Since the 2016 election of Tsai’s pro-independence DPP, Beijing has turned the screws on Taiwan, peeling away a handful of its remaining diplomatic allies, excluding it from global forums, and forcing airlines to classify Taiwan as part of China.

Three former allies – El Salvador, Dominican Republic and Burkina Faso – switched their allegiances to Beijing this year, and the Chinese military has stepped up encirclement drills around Taiwan, which Taipei has denounced as intimidation.

According to DPP officials, Beijing has reached deep into the breakaway island of 23 million people, sowing division and confusion through online disinformation, recruiting business figures, and funnelling cash to pro-Beijing politicians.

De facto independence

The Republic of China – Taiwan’s official name – relocated to the island in 1949 when Chiang Kai-shek’s nationalists fled the mainland after being defeated by Mao Zedong’s communists. It is now a democracy with de facto independence from Beijing.

Under its “one China” policy, the Beijing regards Taiwan as a renegade province that needs to be unified – by military force if necessary. Many analysts say China seeks to achieve the same end by flooding Taiwan with investment and buying off decision-makers.

The opposition KMT marks a continuation of Chiang’s legacy.
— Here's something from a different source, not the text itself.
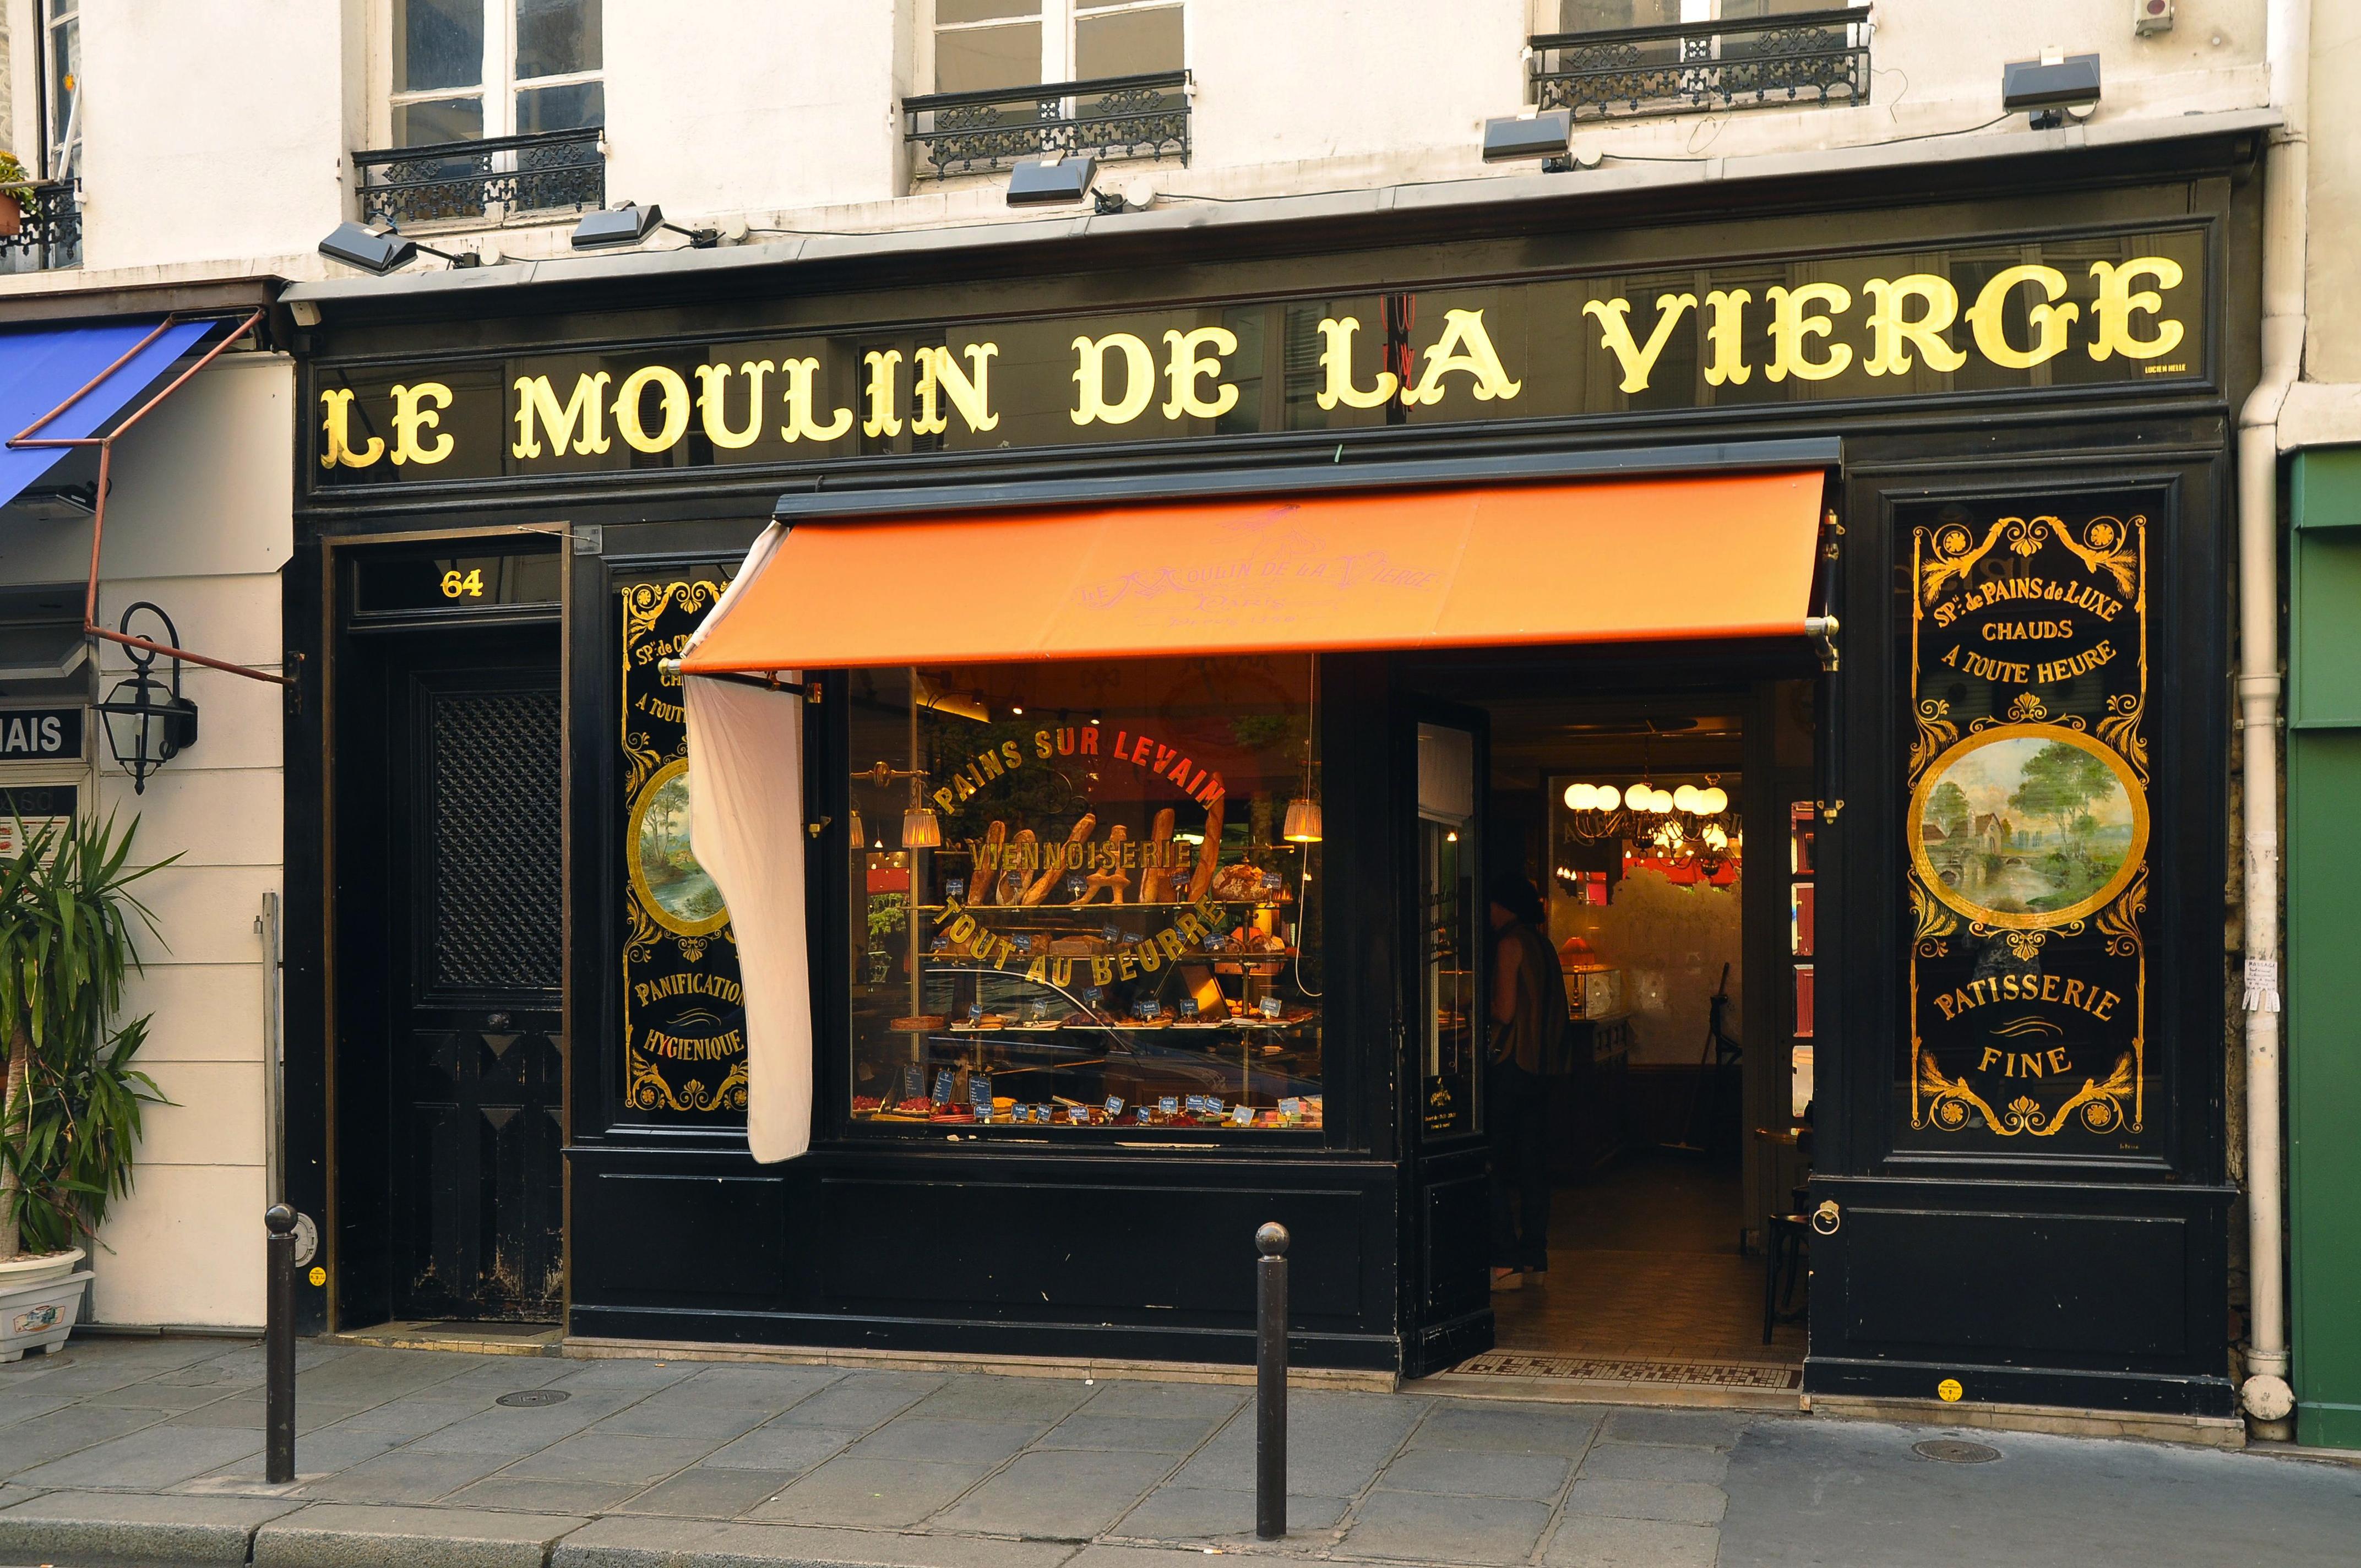 file boulangerie 64 rue saint dominique paris wikimedia commons. Black Bedroom Furniture Sets. Home Design Ideas

DPP supporters typically highlight atrocities committed during Taiwan’s “white terror” and decades of martial law and call for independence from the mainland.

Last month, thousands of pro-independence demonstrators rallied in Taiwan’s capital to protest against Beijing’s “bullying” and called for a referendum on whether the self-ruled island should formally split from China.